— Material provided —

····················

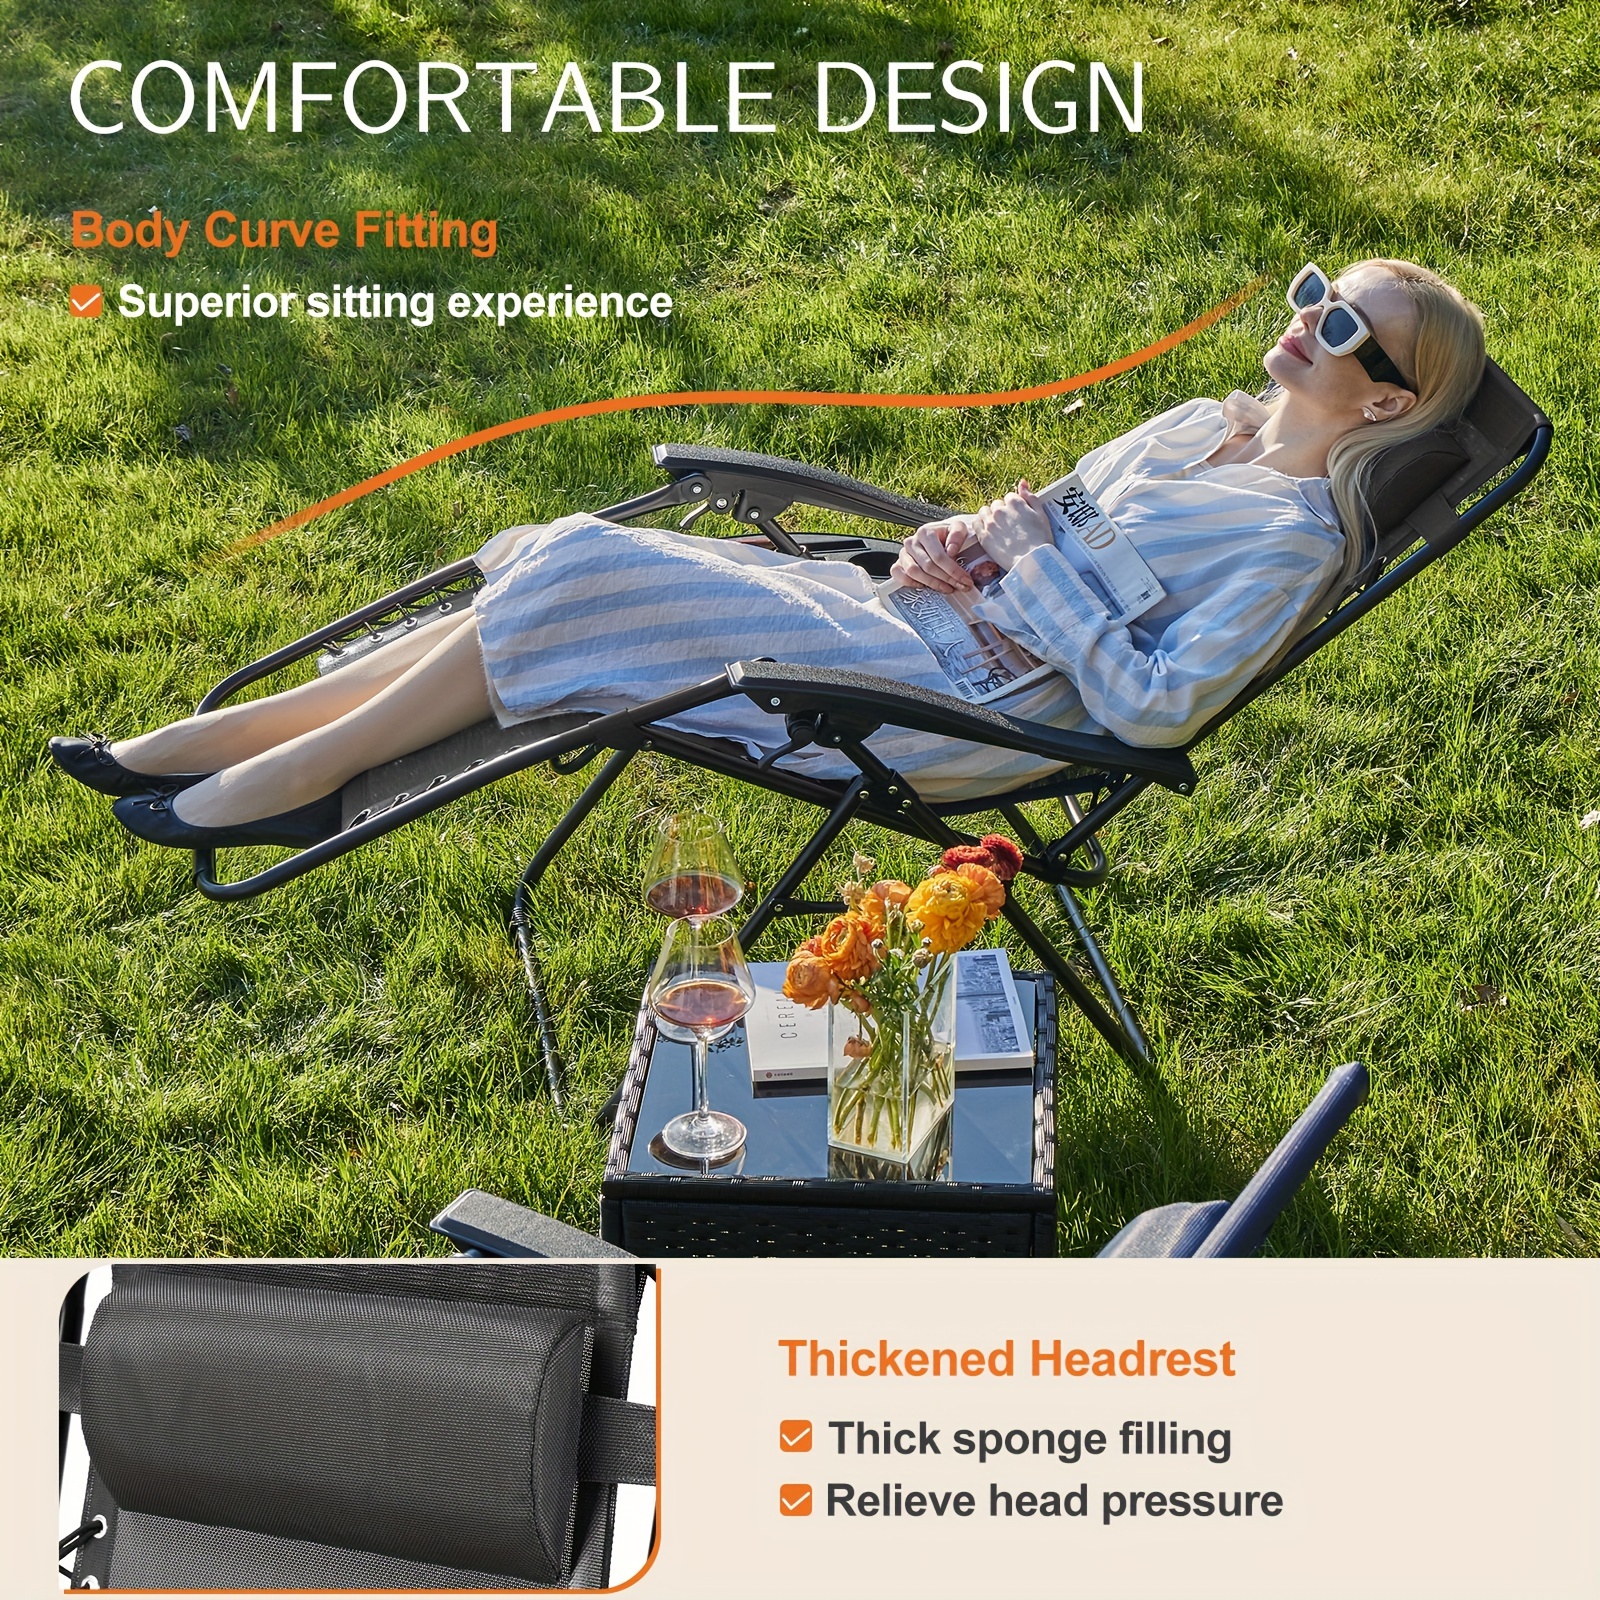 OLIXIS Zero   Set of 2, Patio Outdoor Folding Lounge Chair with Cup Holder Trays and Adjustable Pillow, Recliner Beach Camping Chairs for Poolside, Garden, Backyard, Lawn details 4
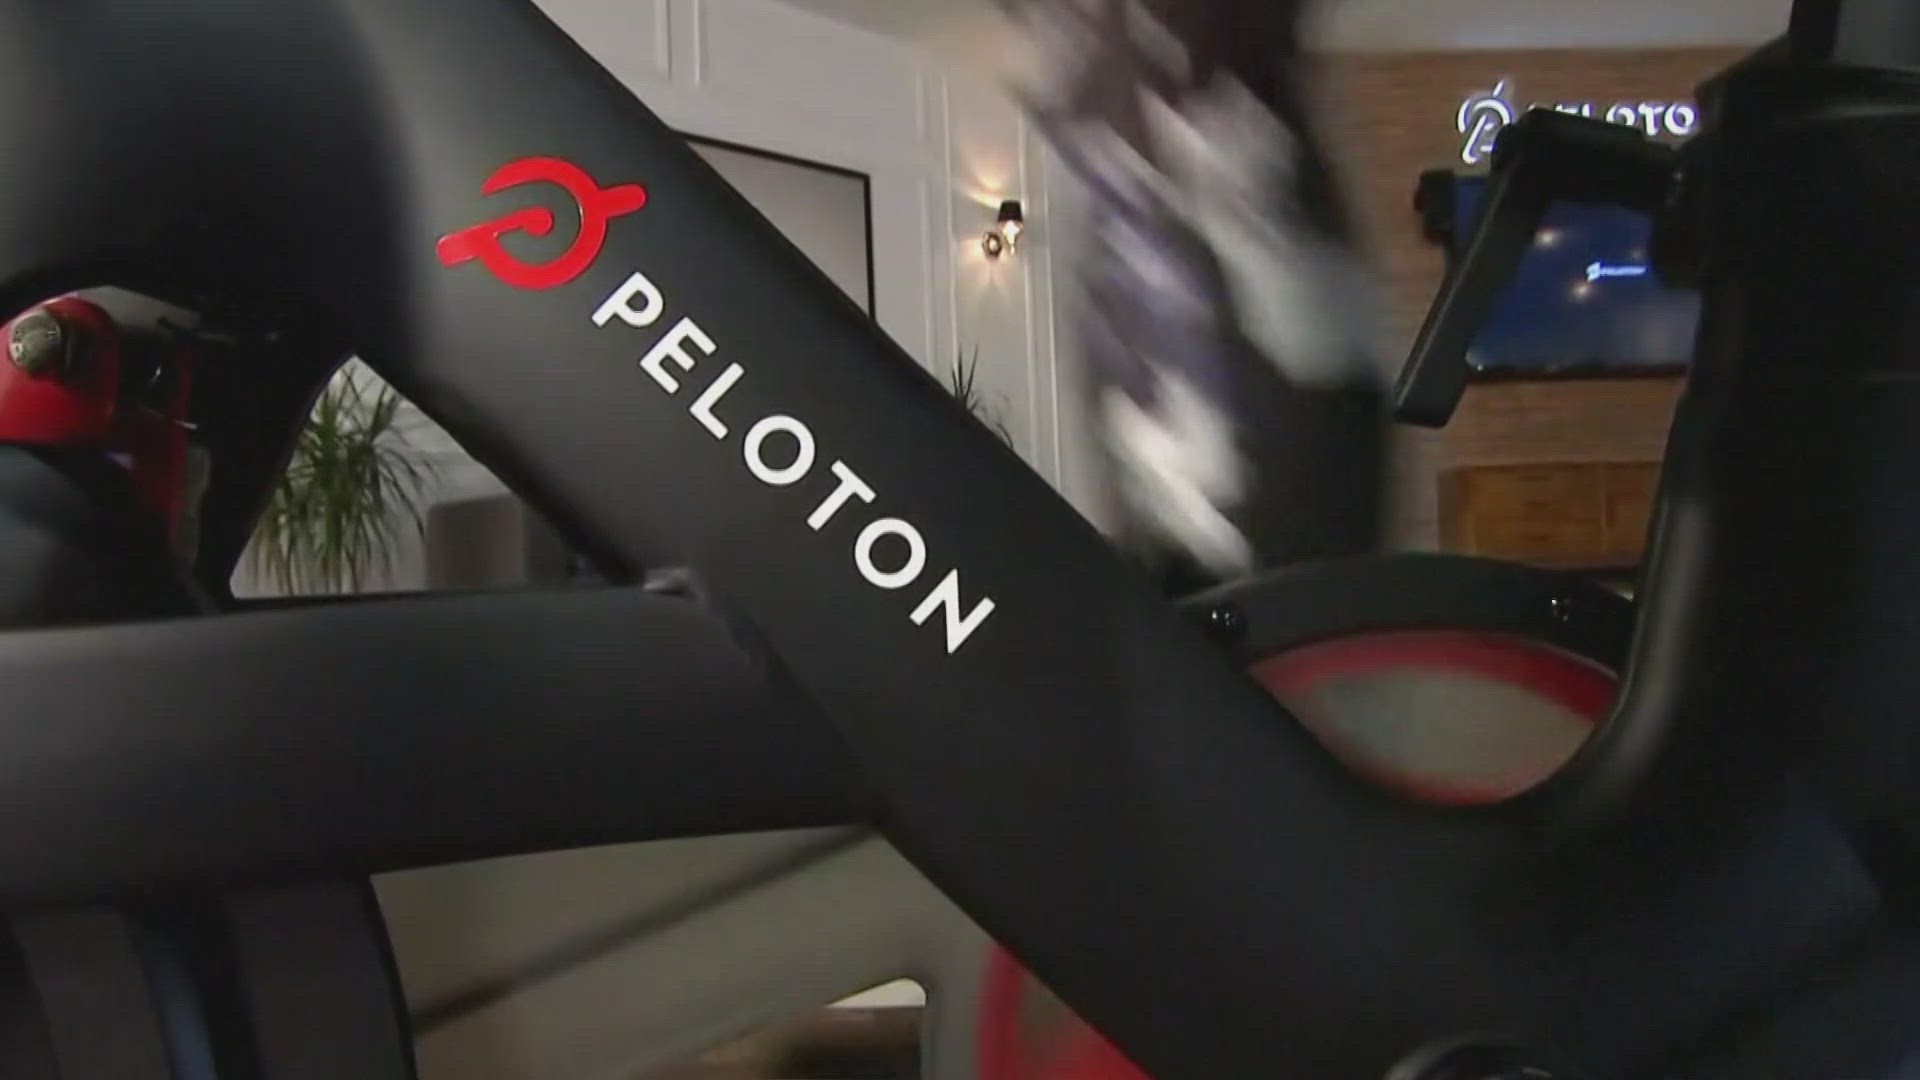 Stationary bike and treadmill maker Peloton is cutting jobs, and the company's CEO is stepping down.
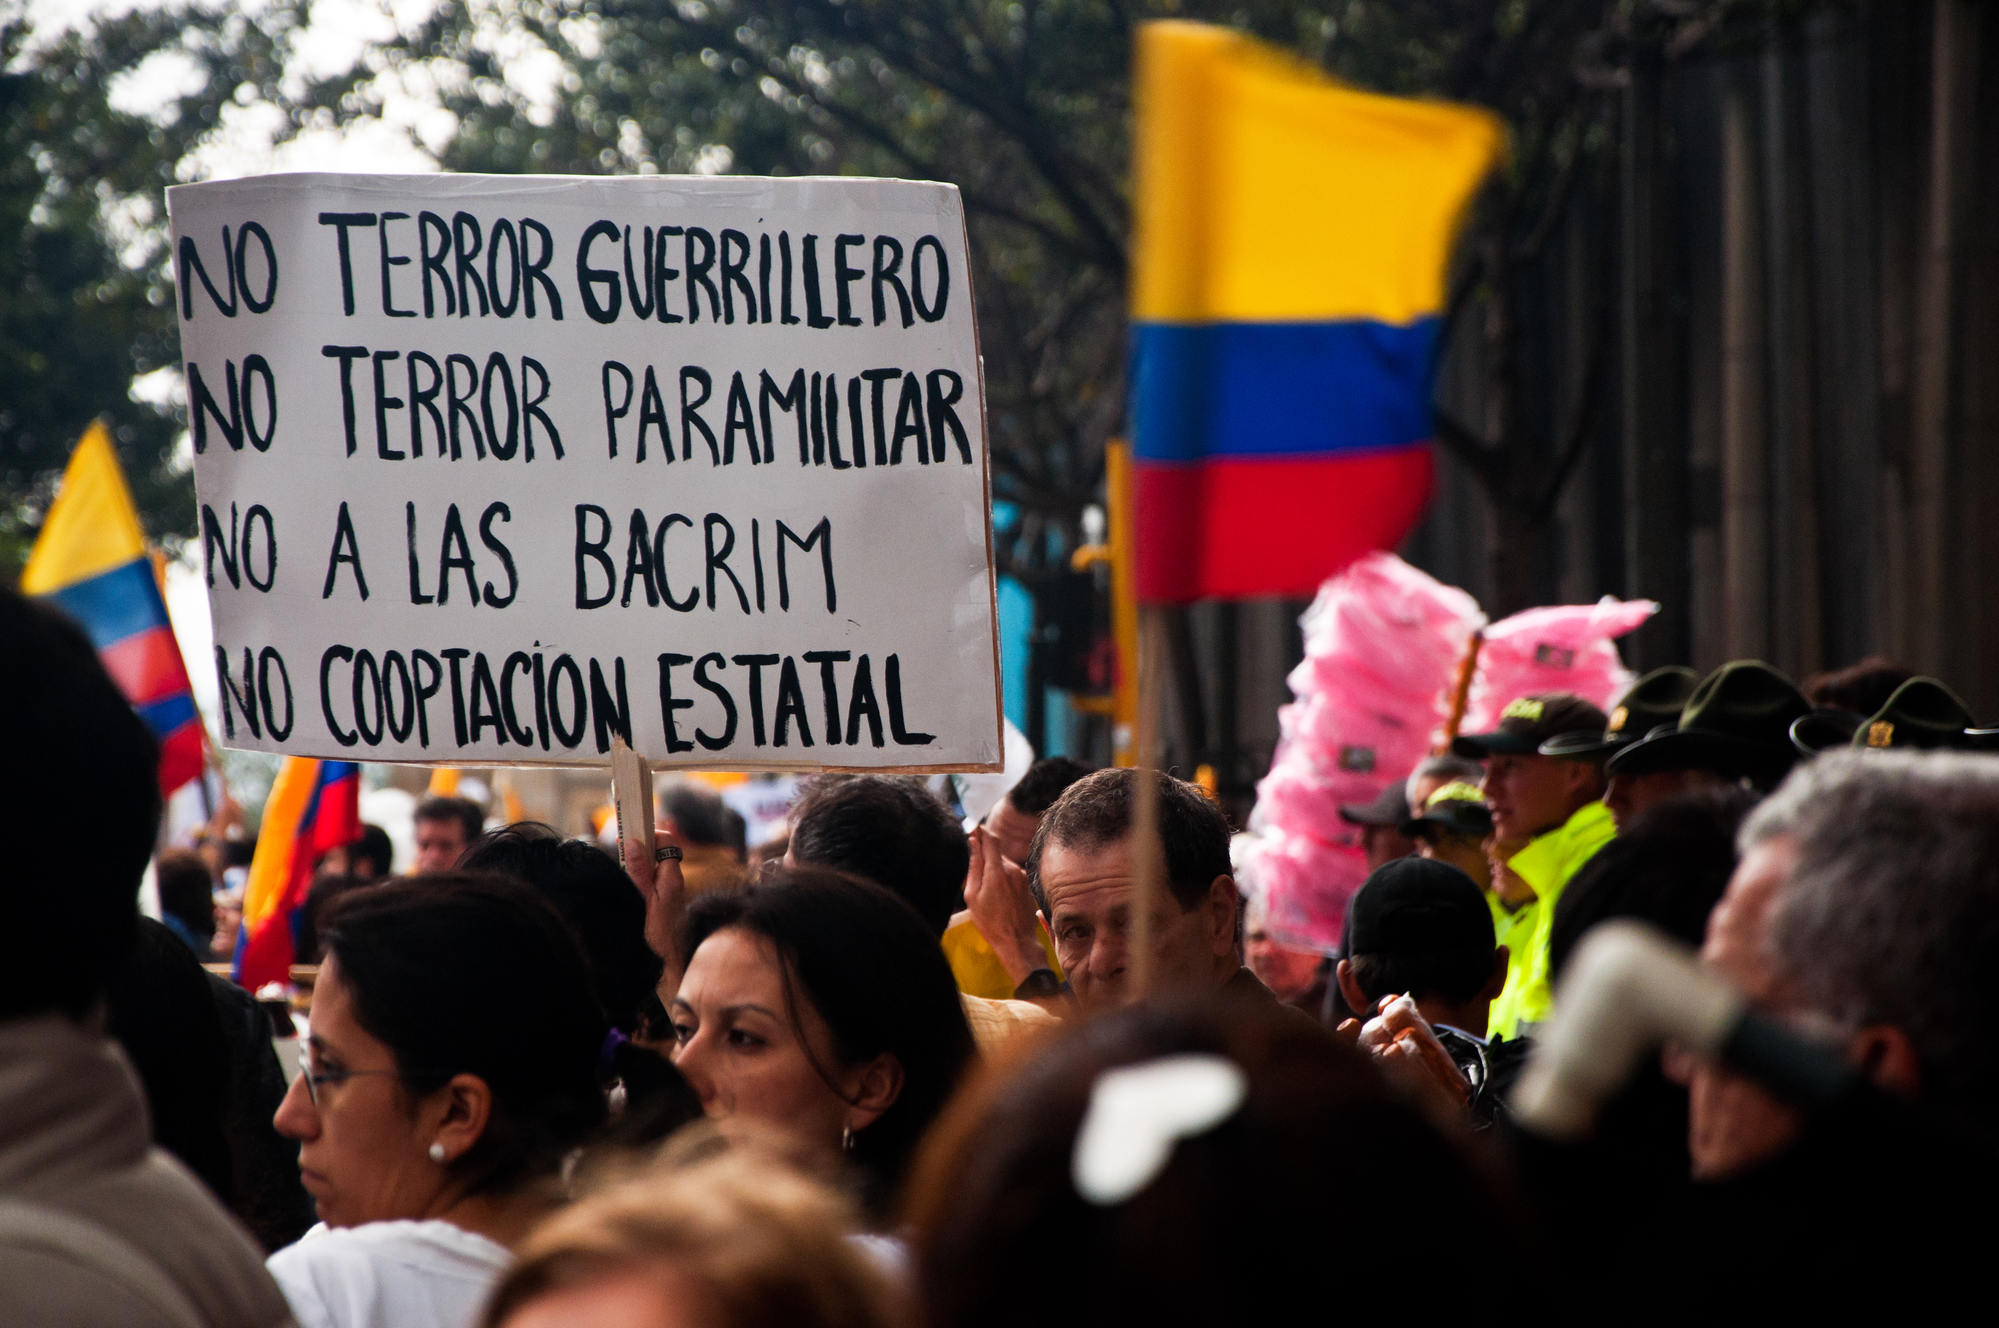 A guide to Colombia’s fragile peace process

····················

— Assignment —
Reproduce the entire listing exactly, but omit any pictures.

— Answer area —
 OLIXIS Zero   Set of 2, Patio Outdoor Folding Lounge Chair with Cup Holder Trays and Adjustable Pillow, Recliner Beach Camping Chairs for Poolside, Garden, Backyard, Lawn details 4
 Stationary bike and treadmill maker Peloton is cutting jobs, and the company's CEO is stepping down.
 A guide to Colombia’s fragile peace process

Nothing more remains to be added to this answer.